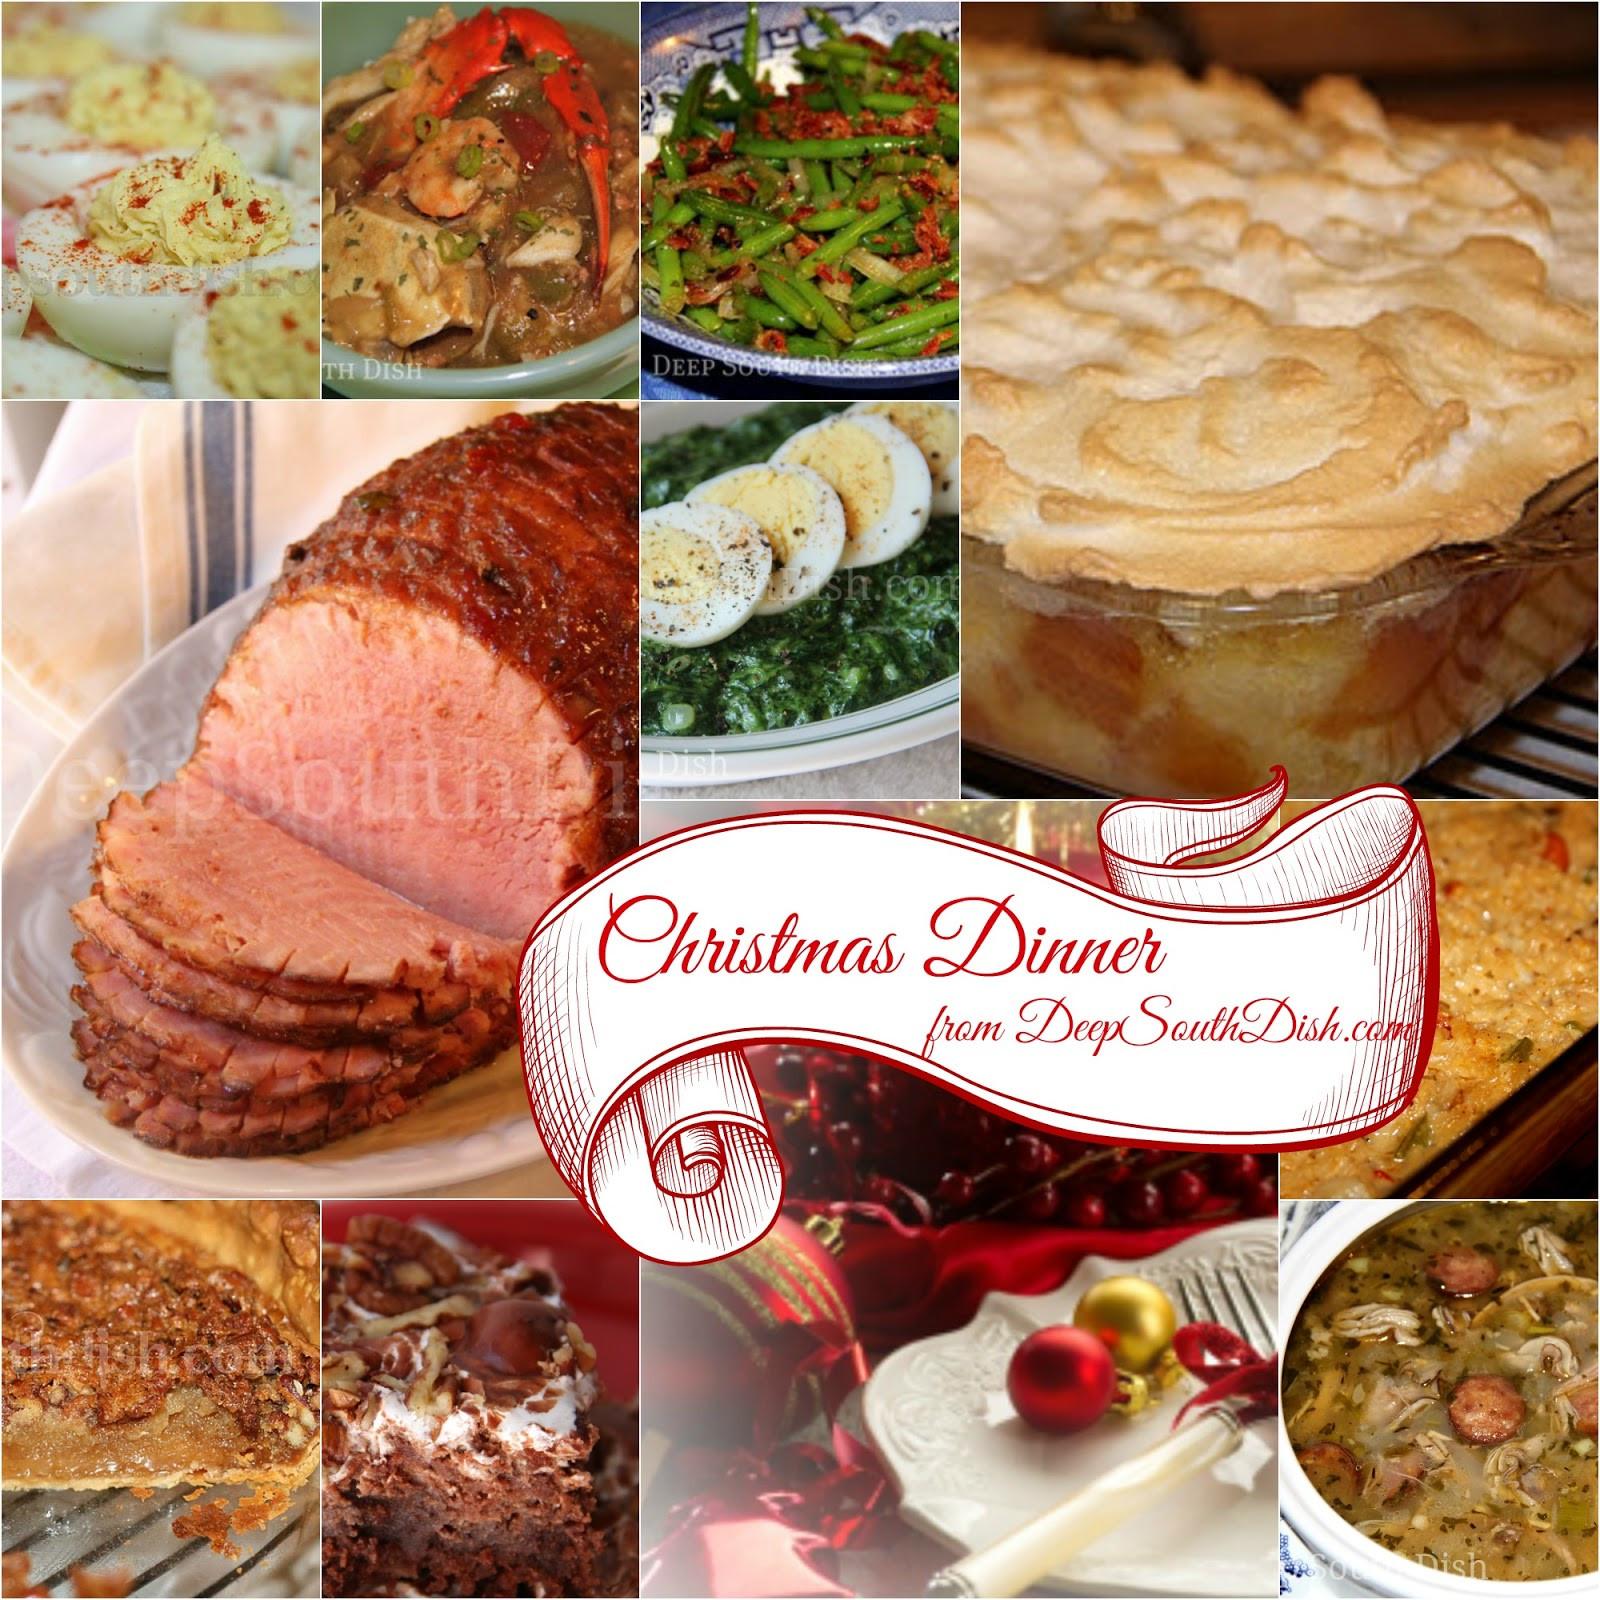 Soul Food Christmas Dinner Menu  Deep South Dish Southern Christmas Dinner Menu and Recipe
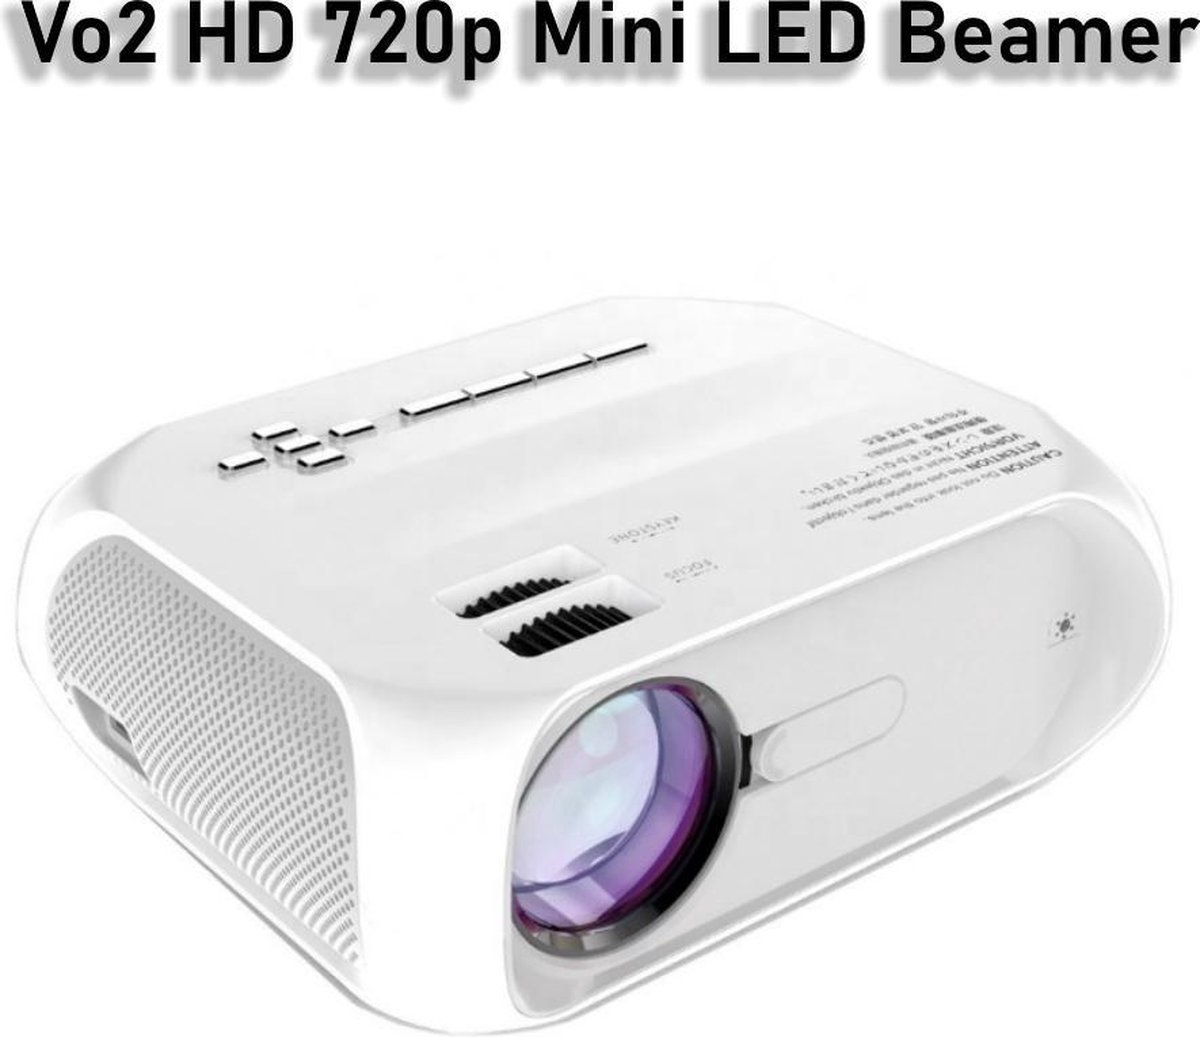 V02 HD 720p Mini LED LCD beamer - 4500 Lumens
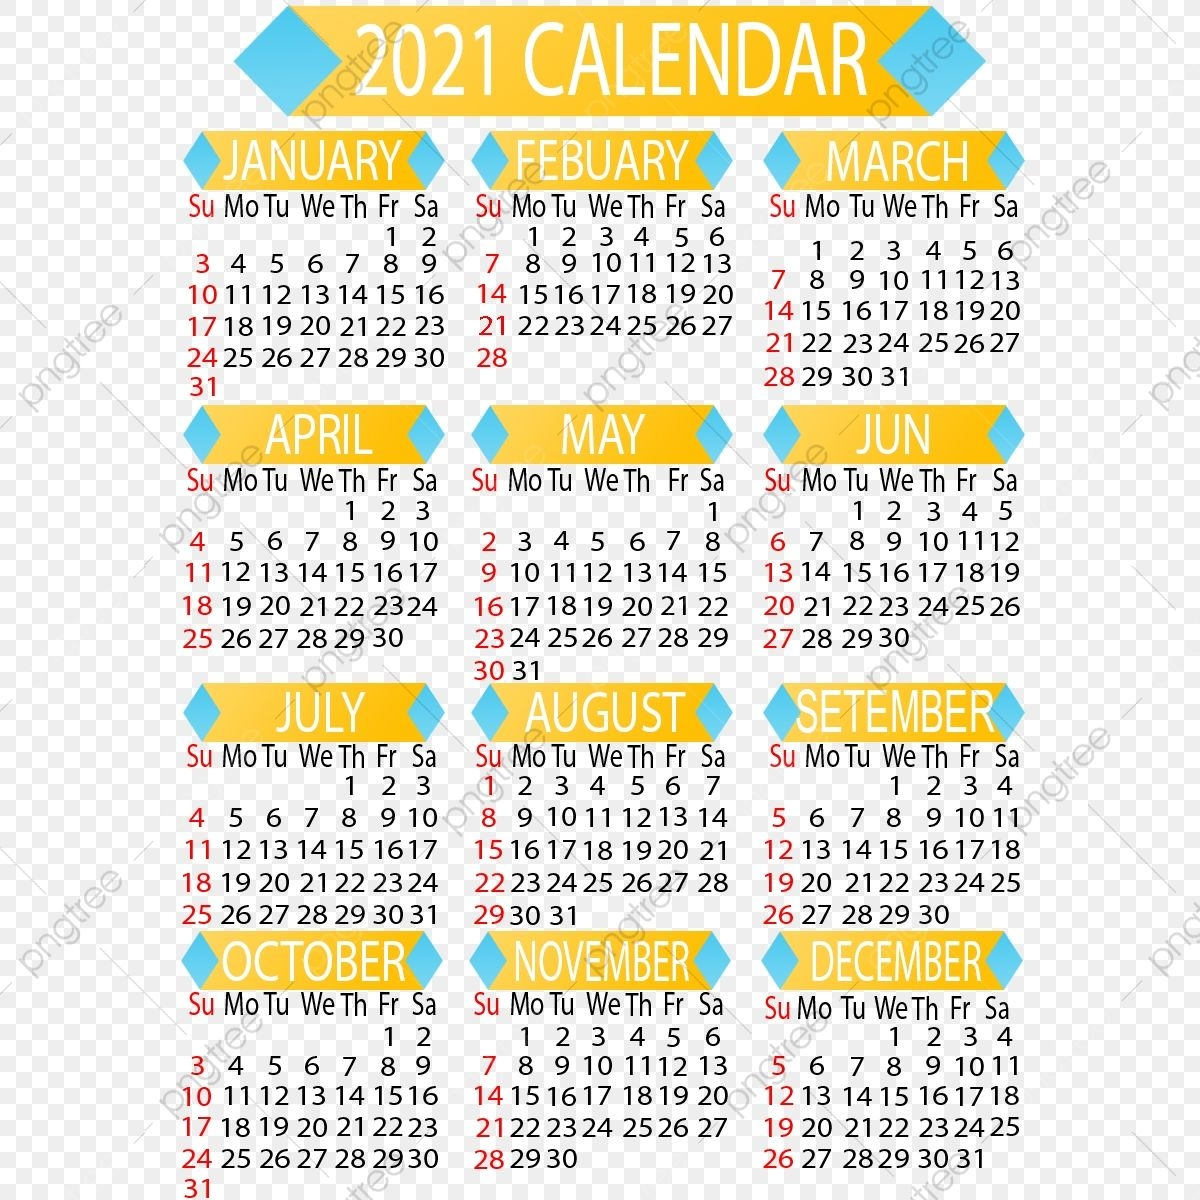 2021 Annual Calendar, Calendar Victor, Hand Draw, Design Png
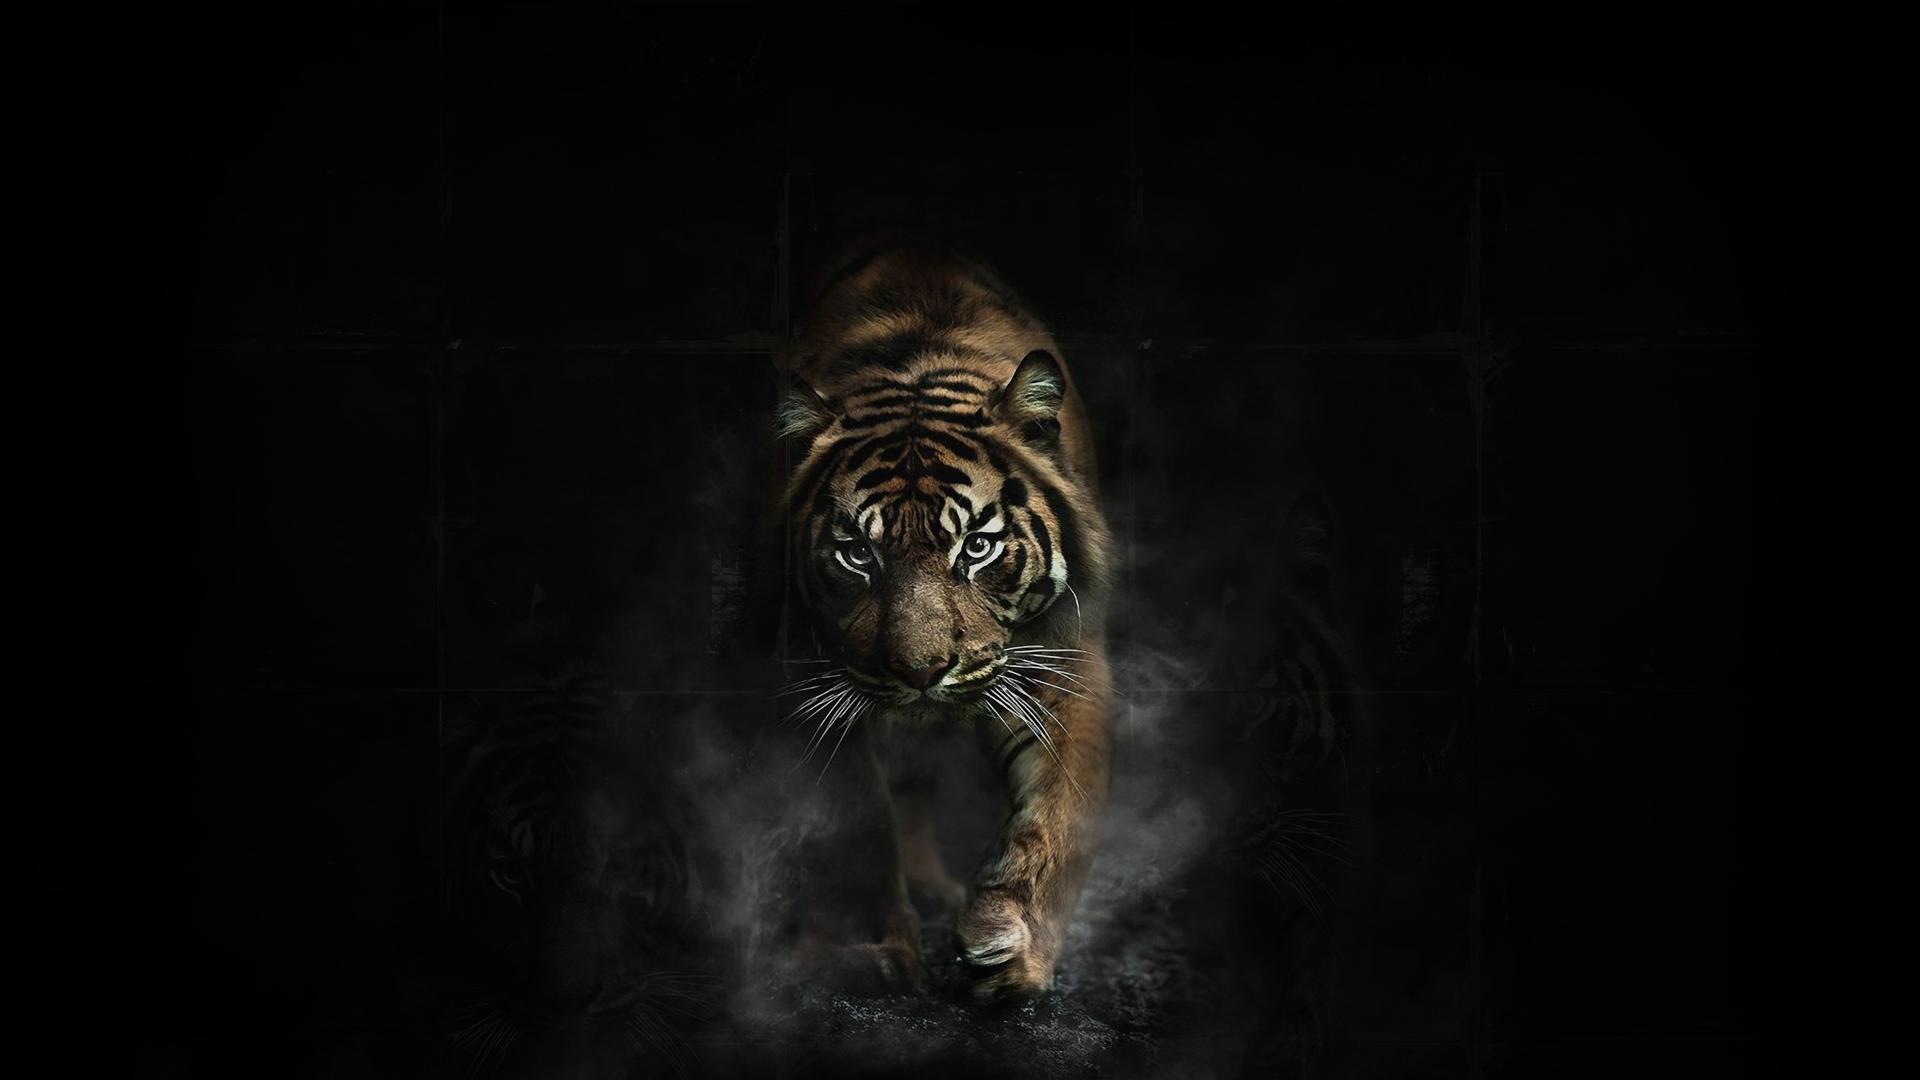 1920X1080 Tiger Wallpaper Full HD - WallpaperSafari

- _Exercise description_
Repeat the listing above word for word, omitting the pictures.

- _Solution for this problem_
 Soul Food Christmas Dinner Menu  Deep South Dish Southern Christmas Dinner Menu and Recipe
 V02 HD 720p Mini LED LCD beamer - 4500 Lumens
 2021 Annual Calendar, Calendar Victor, Hand Draw, Design Png
 1920X1080 Tiger Wallpaper Full HD - WallpaperSafari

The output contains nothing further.